## SOURCE DATA
•••

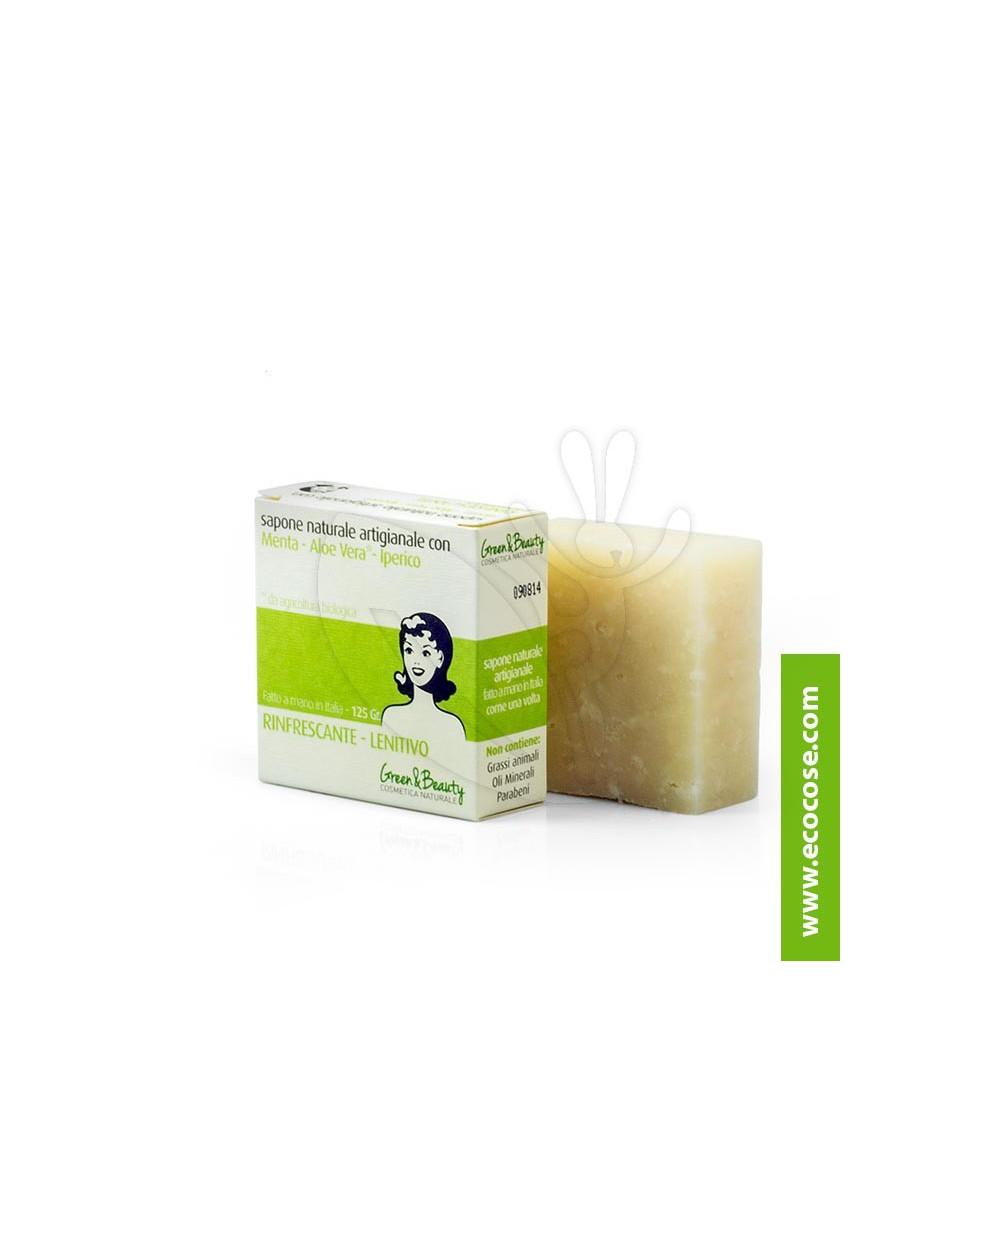 Green&Beauty - Sapone naturale artigianale Menta Aloe Iperico - Rinfrescante Lenitivo
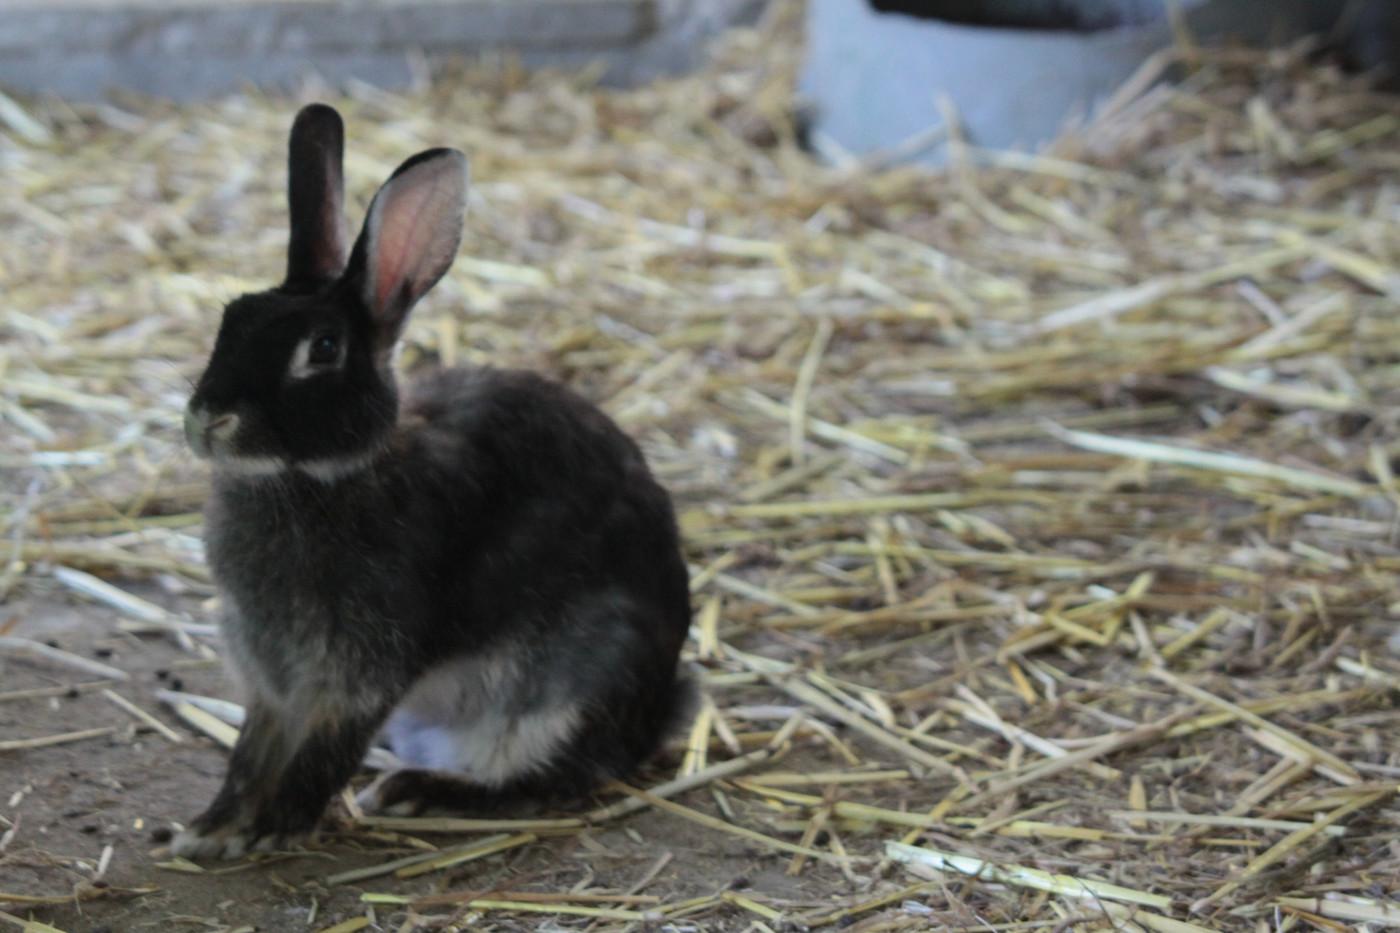 Azienda agricola coniglio - Agriturismo
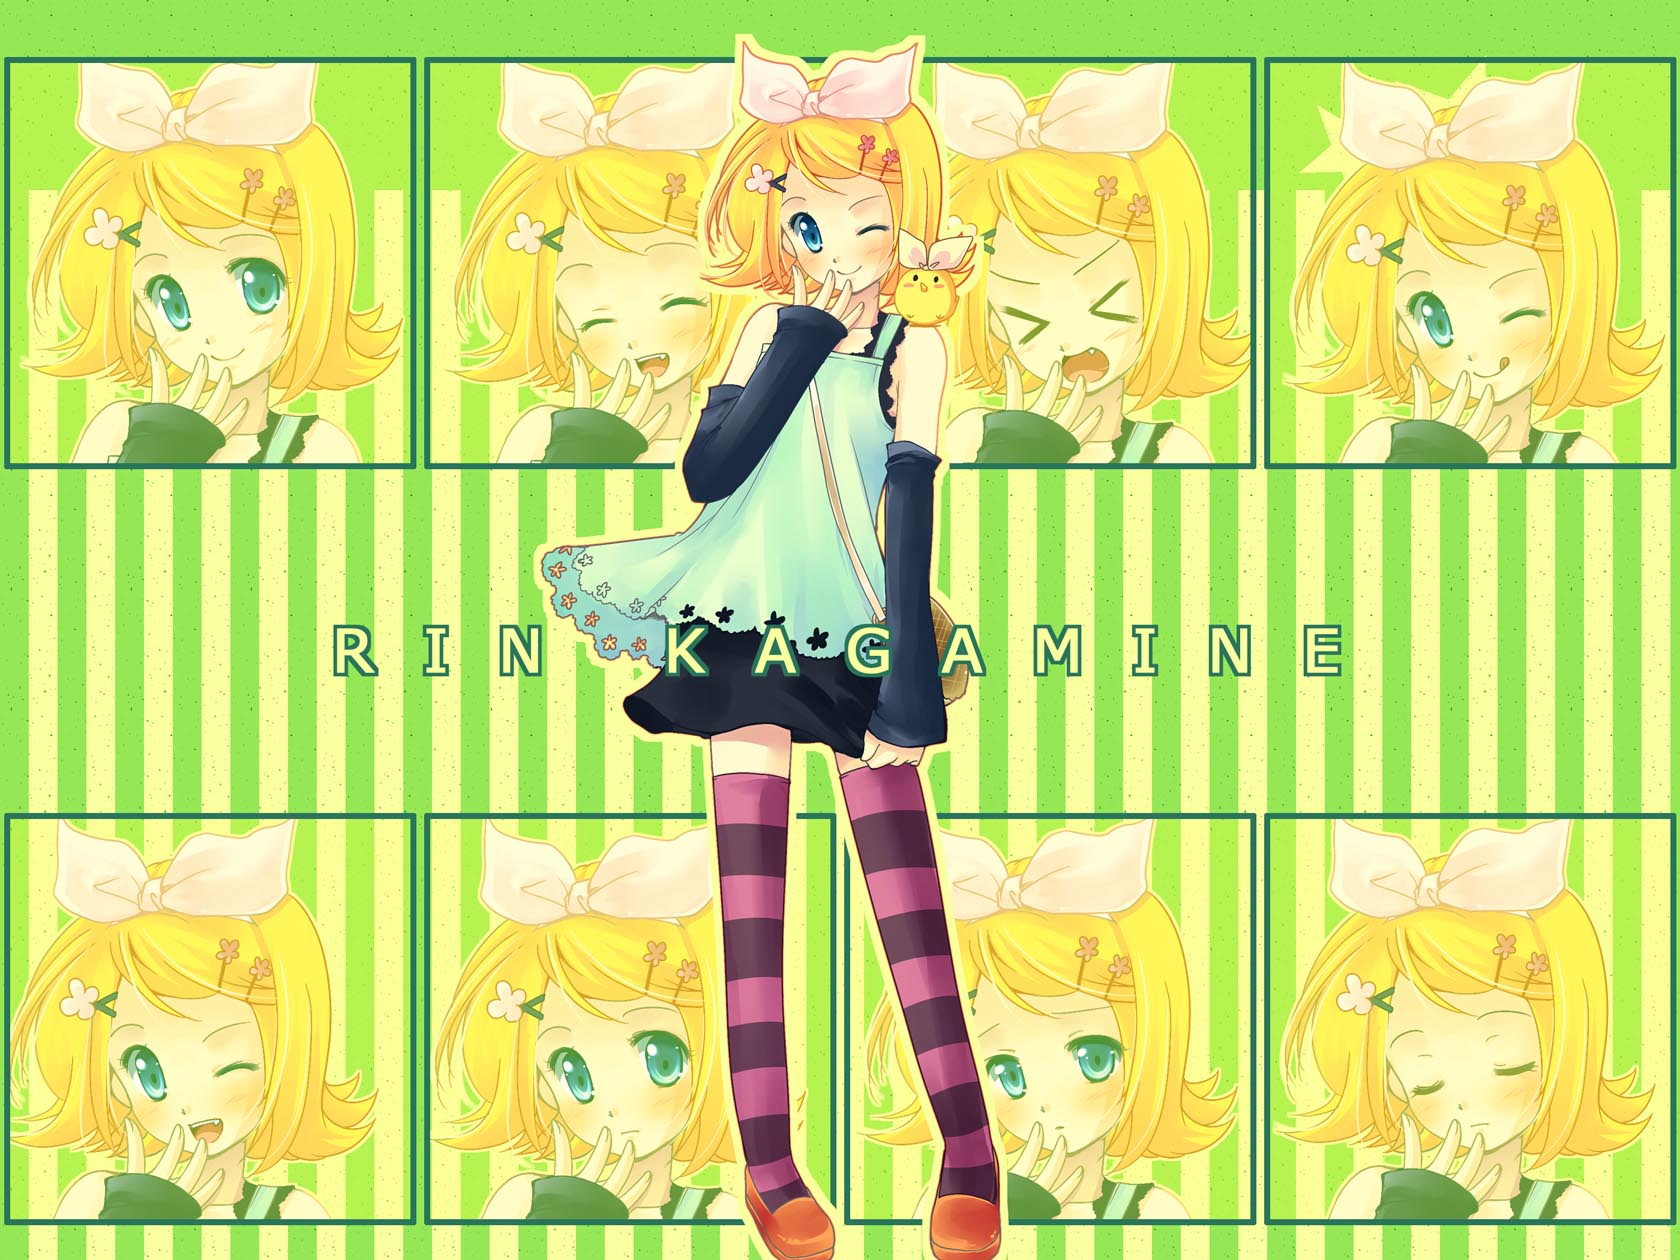 blonde_hair blue_eyes blush fang kagamine_rin ribbons short_hair skirt thighhighs vocaloid wink

•••

## EXERCISE BRIEF
Give back the material above exactly as it appears, minus any picture.

## RESPONSE TO THIS TASK
 Green&Beauty - Sapone naturale artigianale Menta Aloe Iperico - Rinfrescante Lenitivo
 Azienda agricola coniglio - Agriturismo
 blonde_hair blue_eyes blush fang kagamine_rin ribbons short_hair skirt thighhighs vocaloid wink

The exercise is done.